Are there any studies or statistics for success rates on cancer in the remaining kidney , depending on the cancer size , grade , and which surgical treatment was done????
I’m a male of 52 years old. type 2 diabetic , high blood pressure under control . I have Lynch Syndrome , deletion of the MSH2 gene
1992 found a grade 2 colon cancer in the splinic flexure , removed splinic flexure and lymph nodes . Had chemo
1998 found a cancerous polyp in colon , removed the entire large colon ,
2006 - 2007 found transitional cell carcinoma polyps in uritor , Bladder , prostate , urethra, and later in the right kidney , right kidney uritor and lymph node removed ,
did BCG treatment from 2007 to 2008 in bladder
2012 found a transitional cell carcinoma in the left kidney, most of the tumor is in the central urine duct of the kidney .
Need to choose from
1) remove the cancer only , risks , a piece of the cancer is sucked into a vain , the cancer is in a lymph node , the kidney fails, surgeon has no chance to check other organs and Lympthnodes (understand that with Lynch syndrome, a new cancer may appear with in a year or two).

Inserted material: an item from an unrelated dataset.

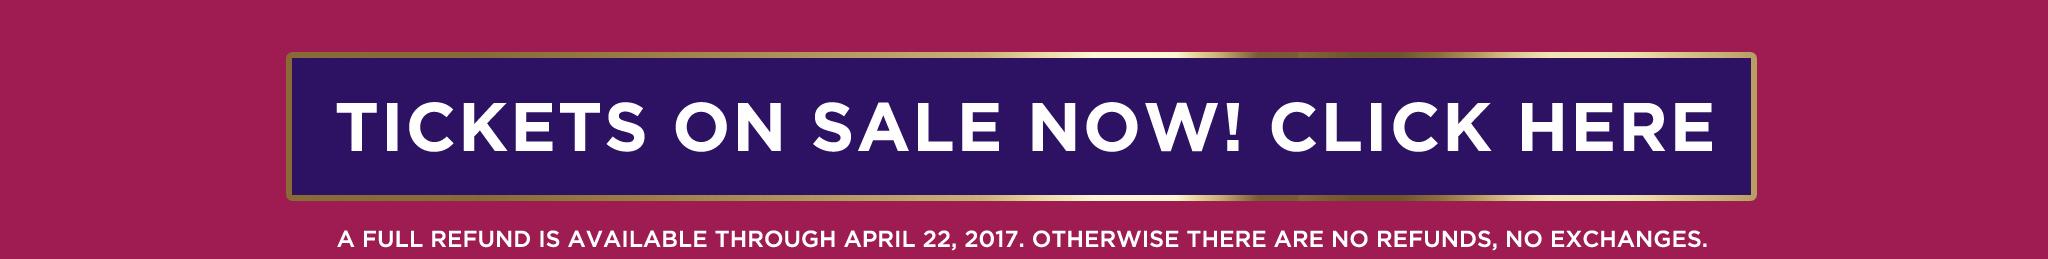 Tickets on Sale January 15, 2017
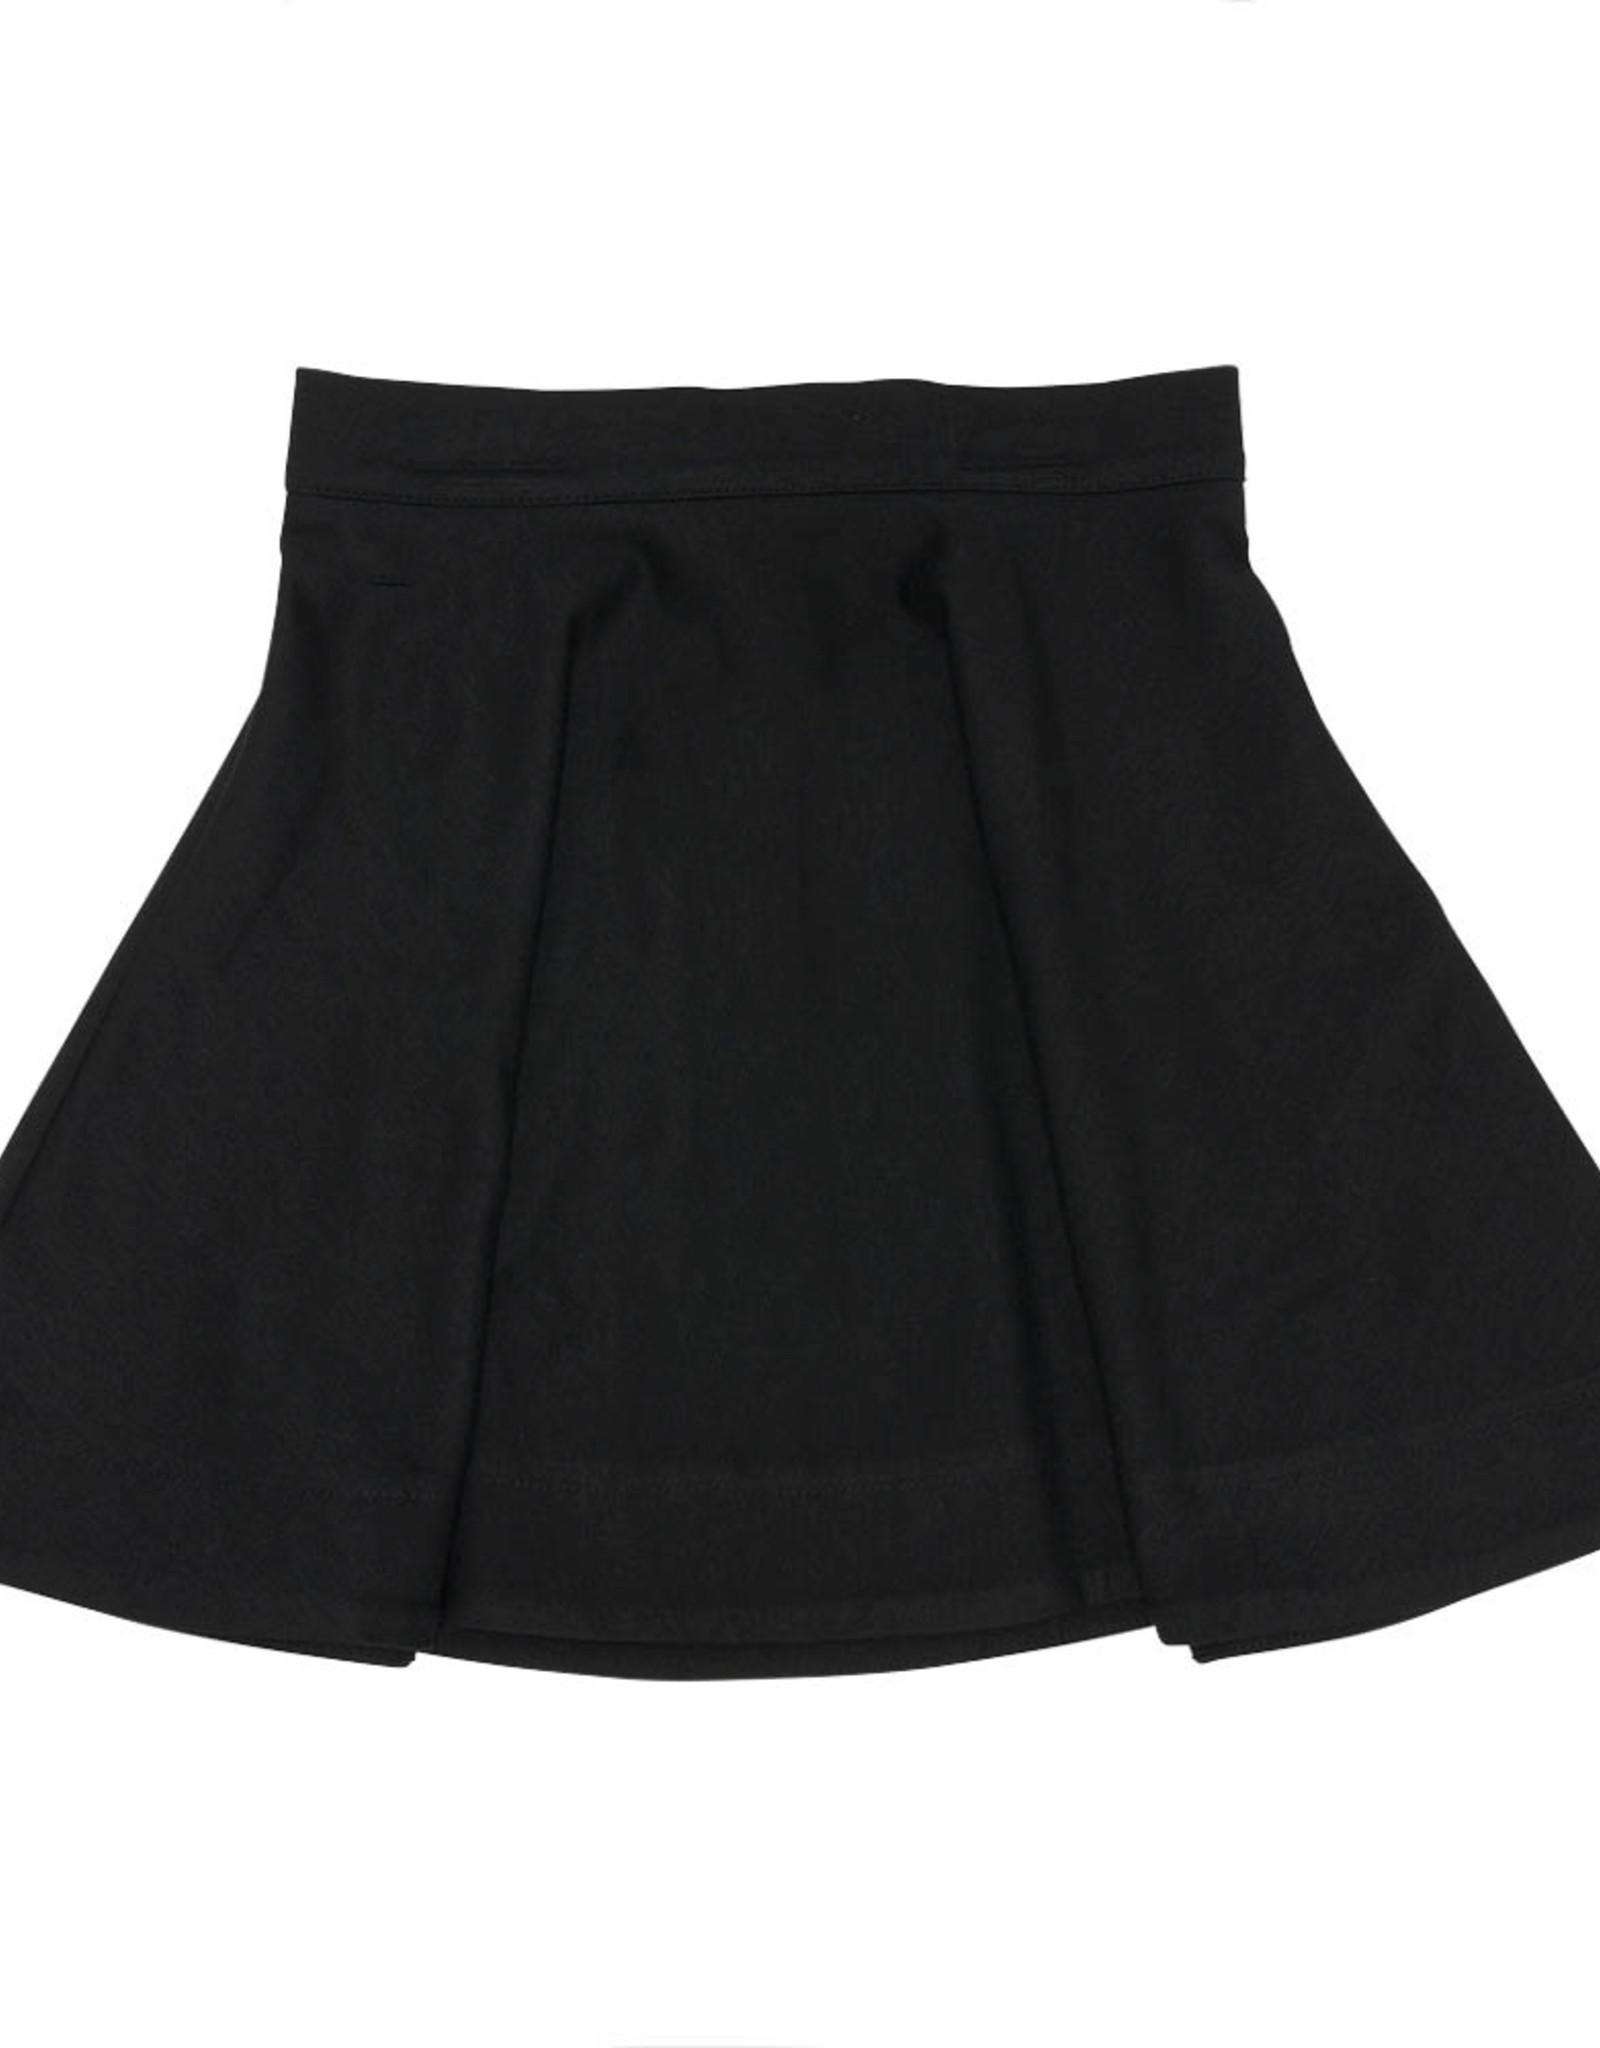 Clo Clo Flare Basic Skirt with Zipper

The positives , may not need dialysis, still have urinary functions .
2) removal of the entire urinary track , kidney , uritor , bladder , prostrate , urethra . and all support tissue
risks : bleeding out , bowl problems , be on Dialysis the rest of my life , cannot recieve a transplant ...
positives , removes most of the tissue that cancer may occur in , the surgeon can look at the other organs for abnormalities , may postpone cancer , cancer may occur in stomach next .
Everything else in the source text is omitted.